Restoring a Latin Landmark
The restoration of a garden in Venezuela's largest urban park is a model for other Latin American cities.

By Jimena Martignoni

Restoring a Latin Landmark
Gabriel Reig

In 1958 Brazilian artist and landscape designer Roberto Burle Marx outlined his vision for Parque del Este, a 190-acre public park on the eastern side of downtown Caracas, Venezuela’s capital city. Two landscape architects, Fernando Tabora and John Stoddart, assisted by a team of architects and botanists, translated Burle Marx’s loose, artistic drawings into an intricate modernist landscape of organic landforms and water features, curving paths, and splendid views.
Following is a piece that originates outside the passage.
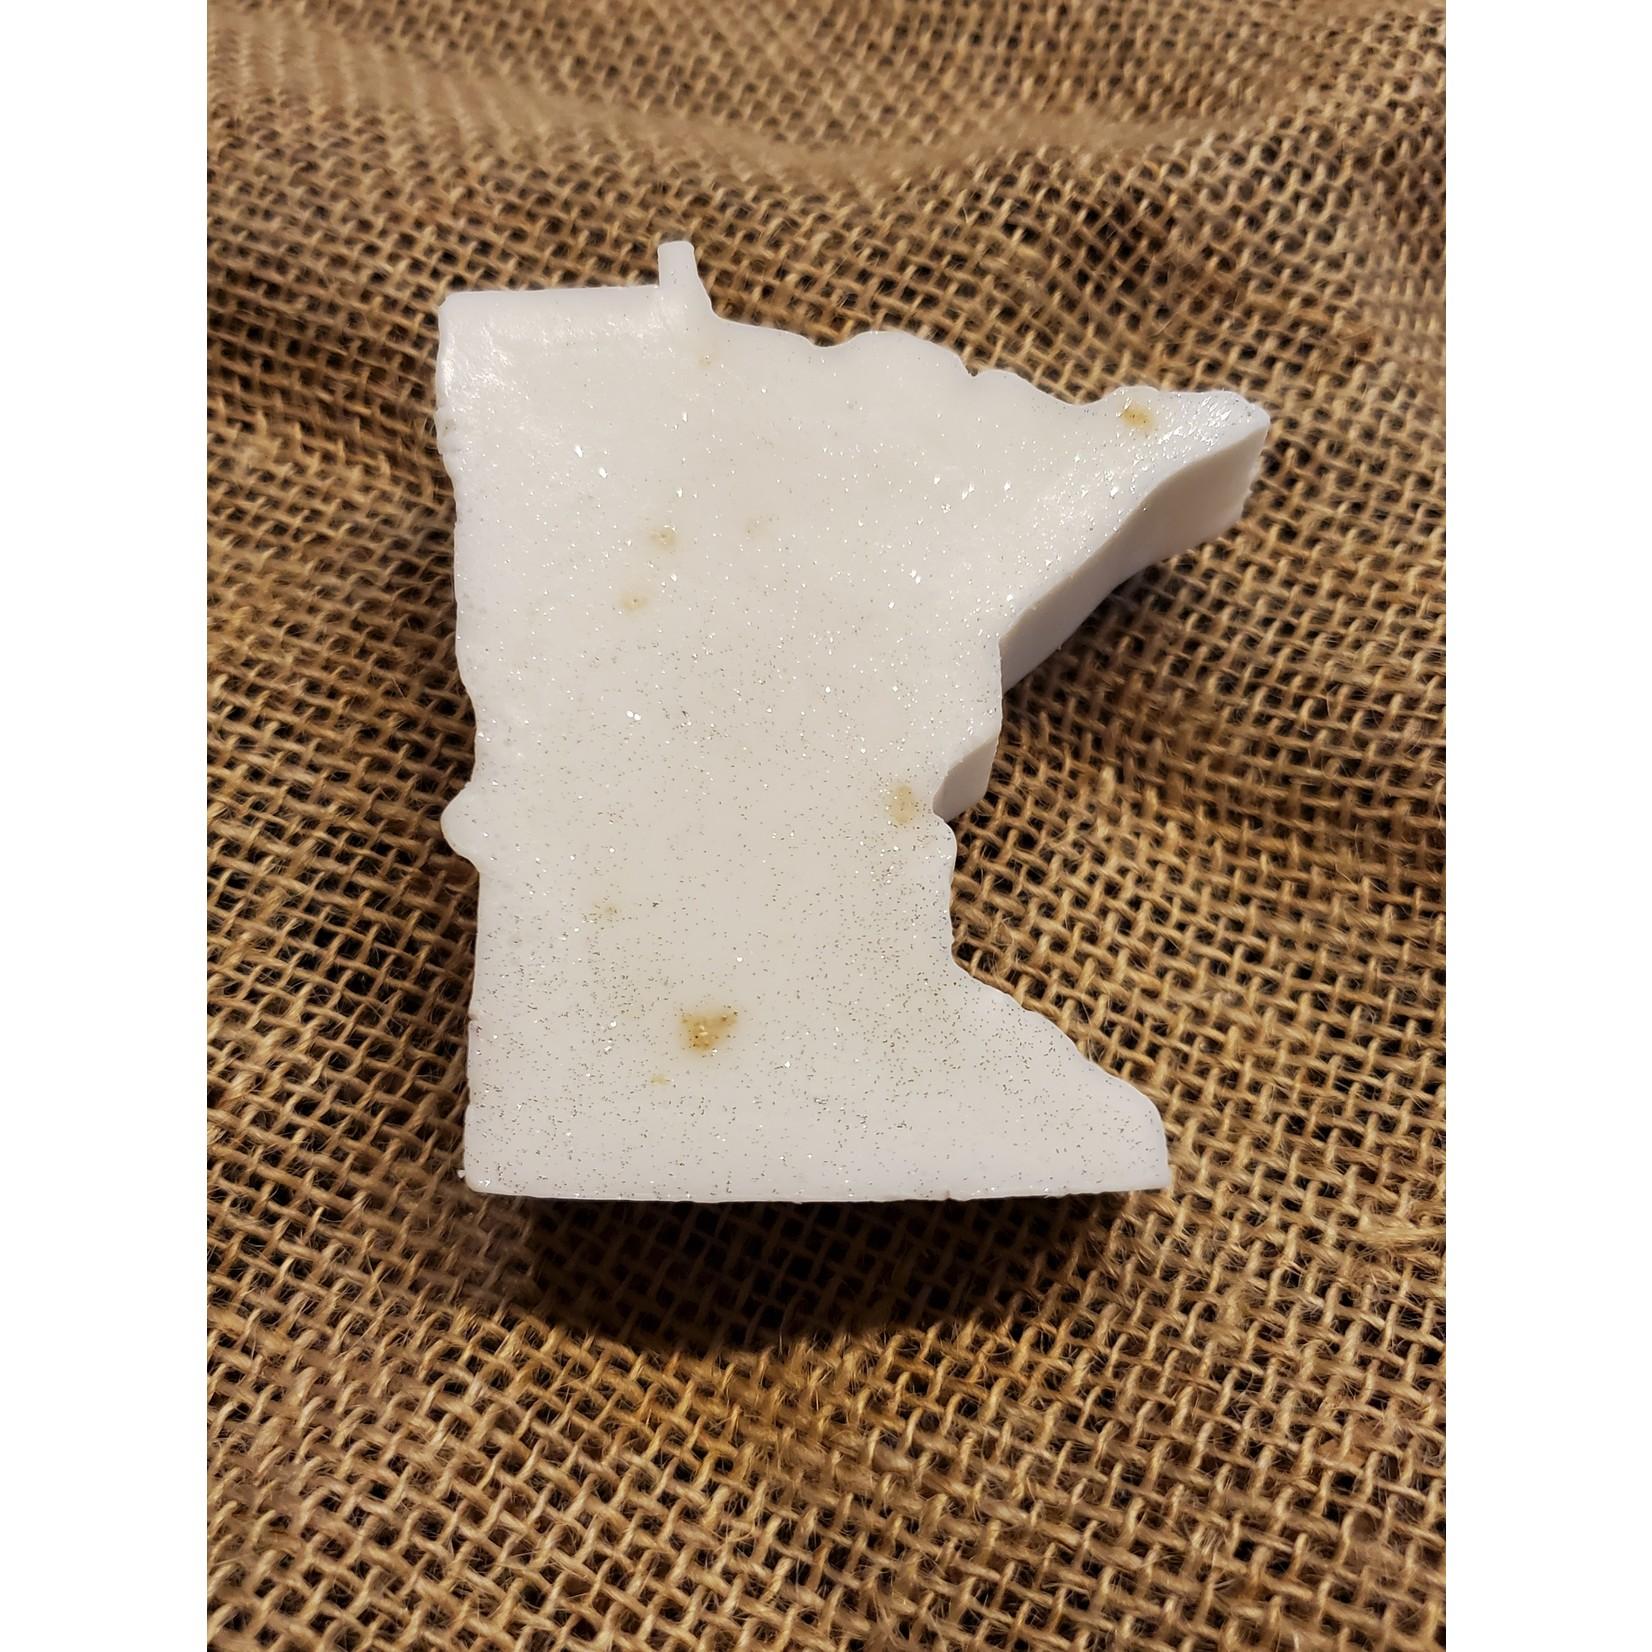 Prairie Girl Soaps & Sundries Minnesota Shape Soaps

Burle Marx, who was already known for his appreciation of Latin American flora, incorporated regional plants to express the exuberant richness of the Venezuelan landscape. Built at a time when Venezuela was emerging into democracy, Parque del Este broke with the centuries-old imitation of European formal design and made a proud statement of cultural independence. When the landscape team finished the park in 1963, it had created an icon—a new model for Venezuela’s urban landscapes.

Over time, the park saw more use than maintenance, as economic instability became, paradoxically, the most stable situation throughout the country. Today many water features are not working, some pools are empty, the lakes are fenced, and some groups of tropical plants have died and have not been replaced, leaving unsightly bare spots throughout the park.

In particular, el Jardín Xerofítico (Xerophytic Garden), a showcase of native, drought-tolerant flora in the park’s northwestern corner, showed the ravages of overuse and neglect. Here again, some plants died and were not replaced, opening passages that tempted visitors to take shortcuts off the paths, causing soil erosion. Other plants proliferated beyond their boundaries, invading walkways and obliterating the original design.

Today Parque del Este is in the midst of a sweeping revitalization project, which began with the renovation of el Jardín Xerofítico in 2004. Guided by the original landscape architects, the preservation team is piloting methods that may become as influential in Latin America as the original park design.